Mainland China share market finished session lower on Tuesday, 06 June 2023, extending yesterday losses, due to lingering Sino-U.S. tensions and on caution ahead of key economic data for more clues on the pace of the country's economic recovery. However, market losses capped after reports that the Chinese government was working on a raft of property stimulus measures to boost the ailing property sector.
At close of trade, the benchmark Shanghai Composite index stumbled 1.15%, or 37.10 points, to 3,195.34. The Shenzhen Composite Index, which tracks stocks on China's second exchange, fell 1.73%, or 35.08 points, to 1,998.62. The blue-chip CSI300 index declined 0.94%, or 36.09 points, to 3,808.16.
Investors are closely watching the May export and import data slated for Wednesday. The upcoming economic data, including the consumer inflation data due out on Friday, is closely watched as they may provide the reason for more policy support from the central bank.

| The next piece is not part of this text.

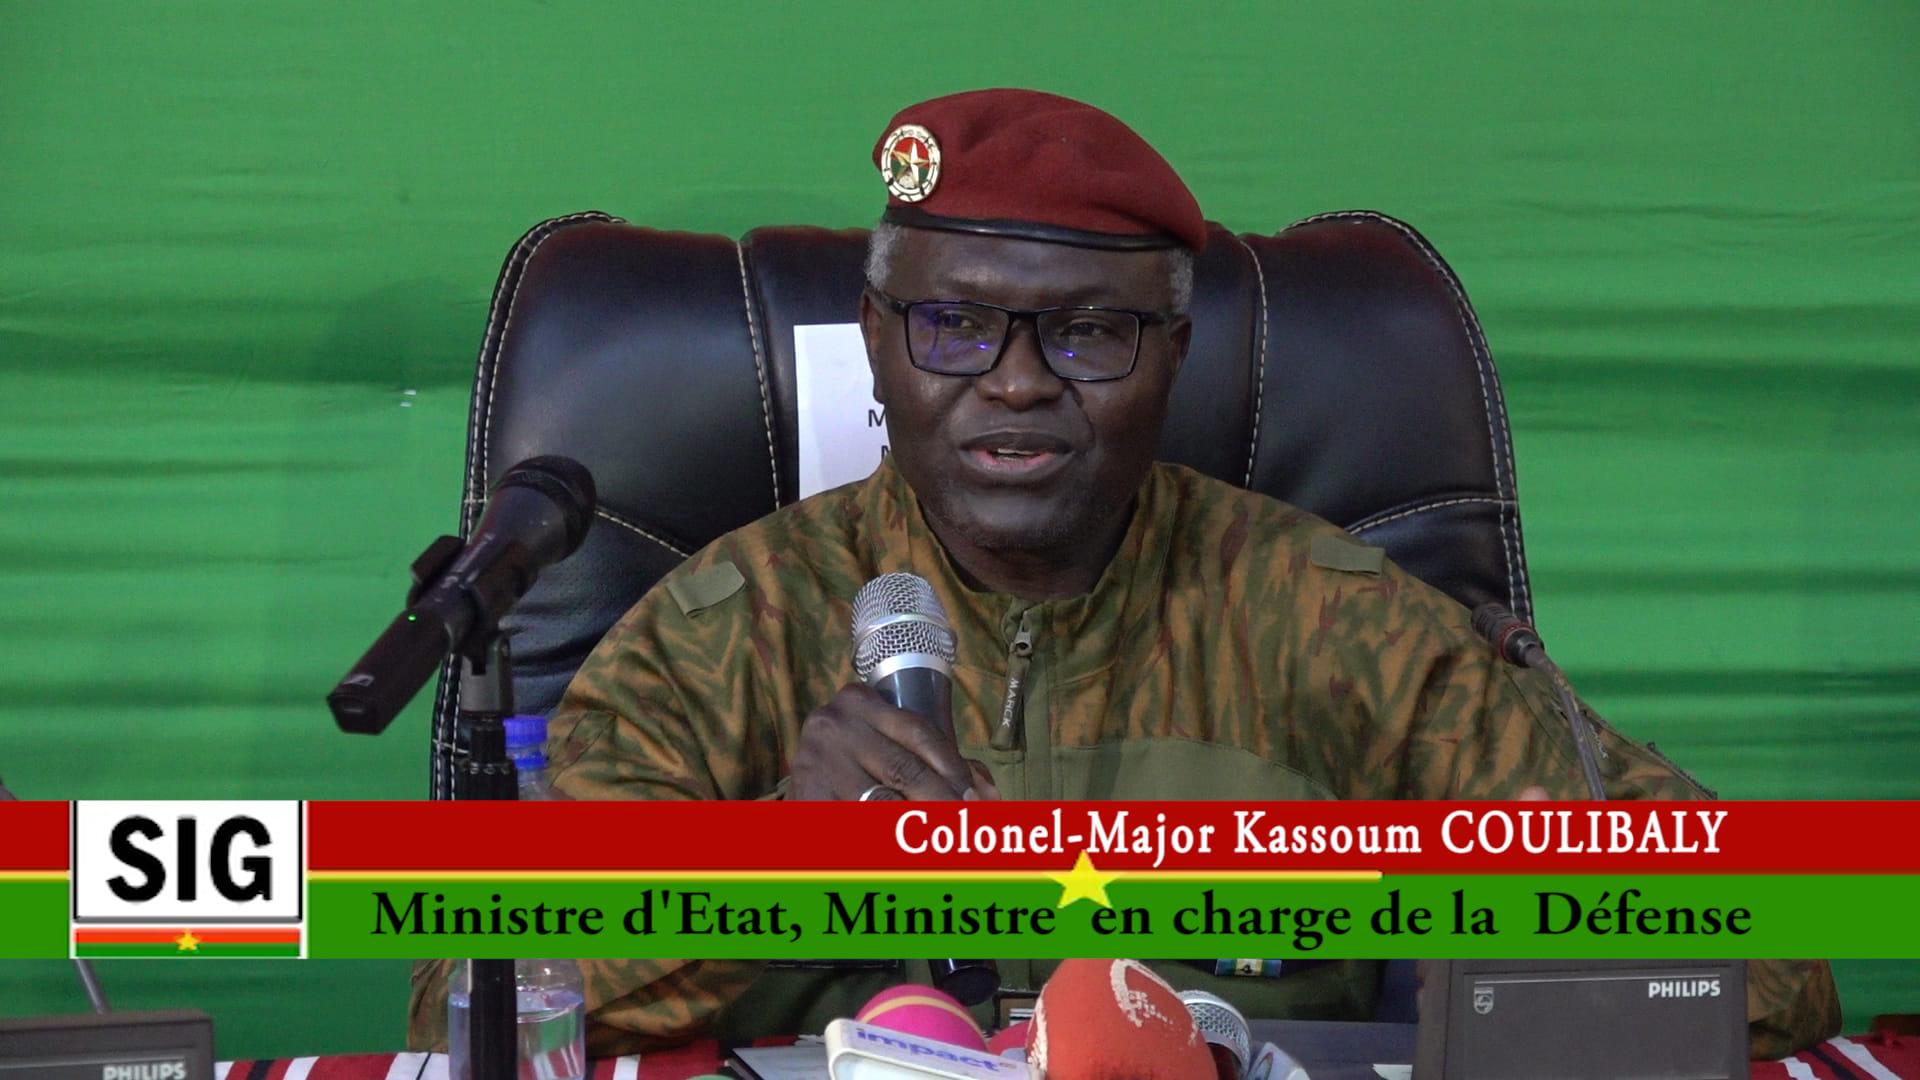 Lutte contre le terrorisme : « De grands pays déclarent combattre AQMI et DAESH, mais refusent de nous aider », déclare en substance le colonel-major Kassoum Coulibaly 
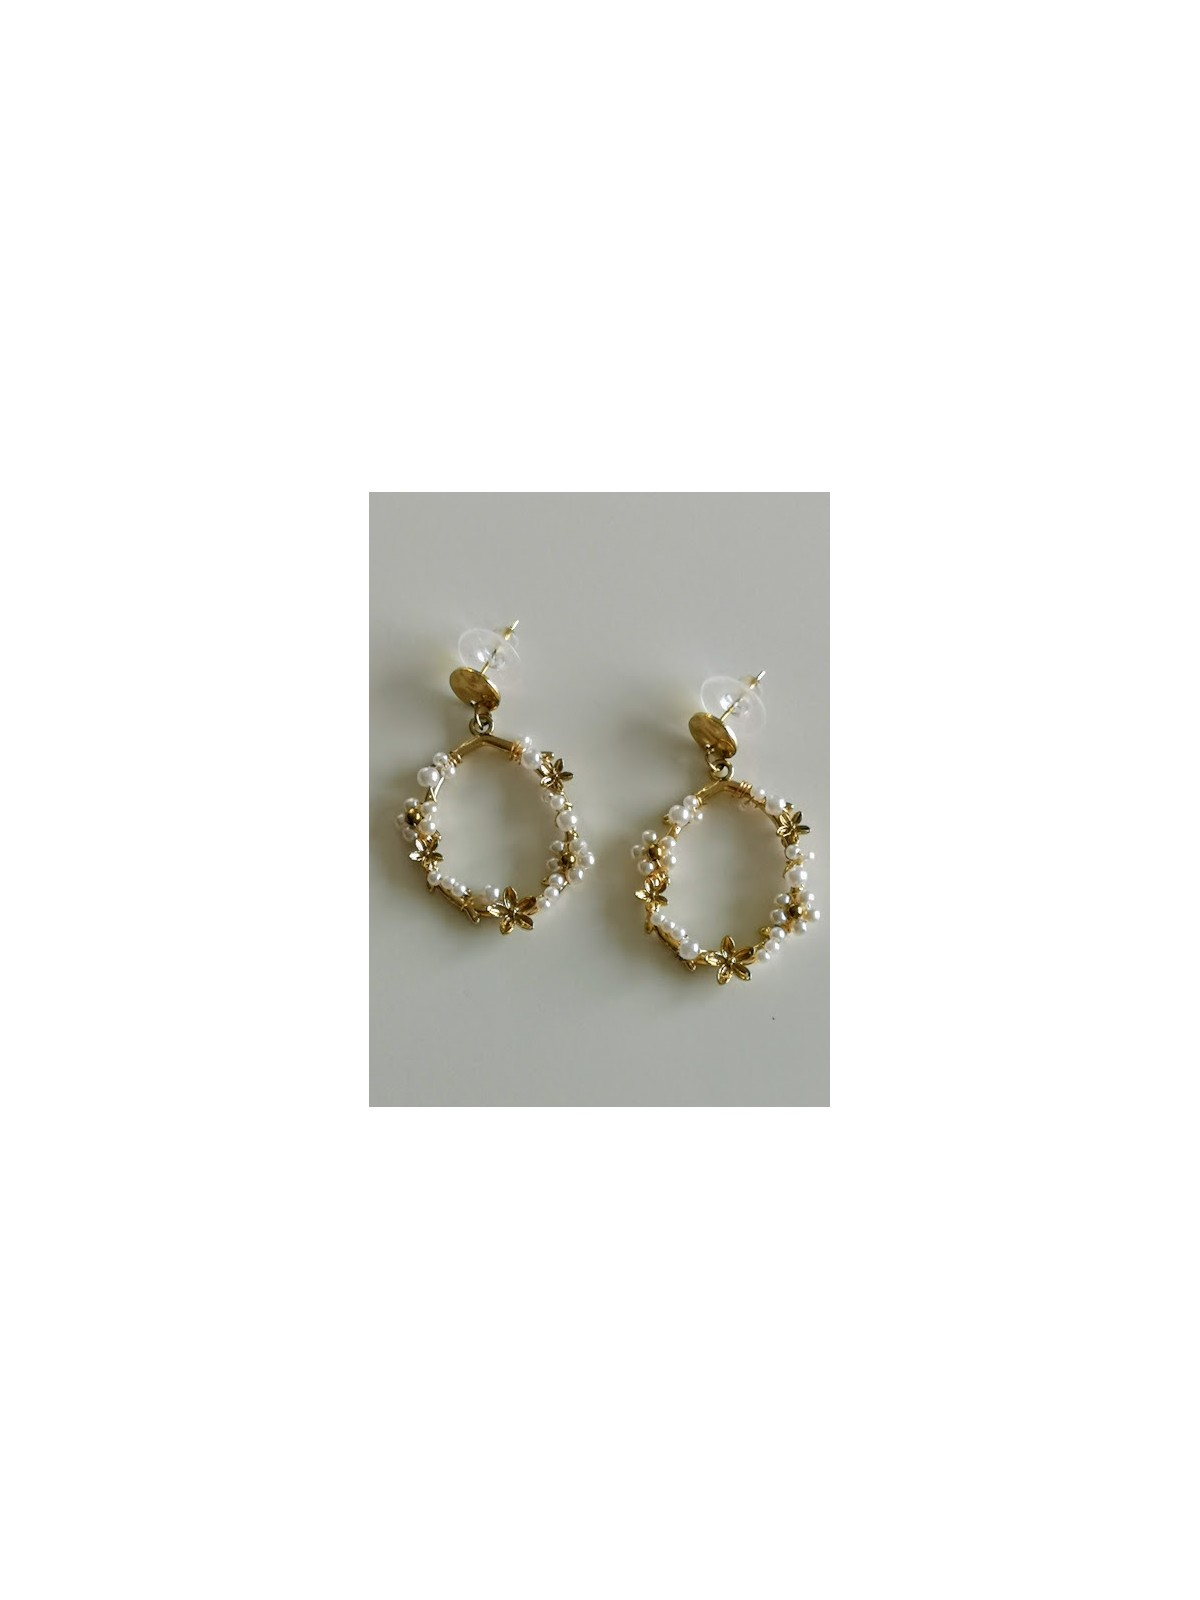 Boucles d'oreilles perles blanches et détails dorés | 1 vue entière | Tilleulmenthe boutique de mode en ligne

CURRENCY NEWS: China's yuan depreciated against the dollar on Tuesday, as softer official guidance fixing. Prior to market opening, the People's Bank of China set the midpoint rate CNY=PBOC at 7.1075 per U.S. dollar, weaker than the previous fix 7.0904. In the spot market, the yuan CNY=CFXS was changing hands at 7.1084 at midday, 75 pips weaker than the previous late session close and 0.01% weaker than the midpoint.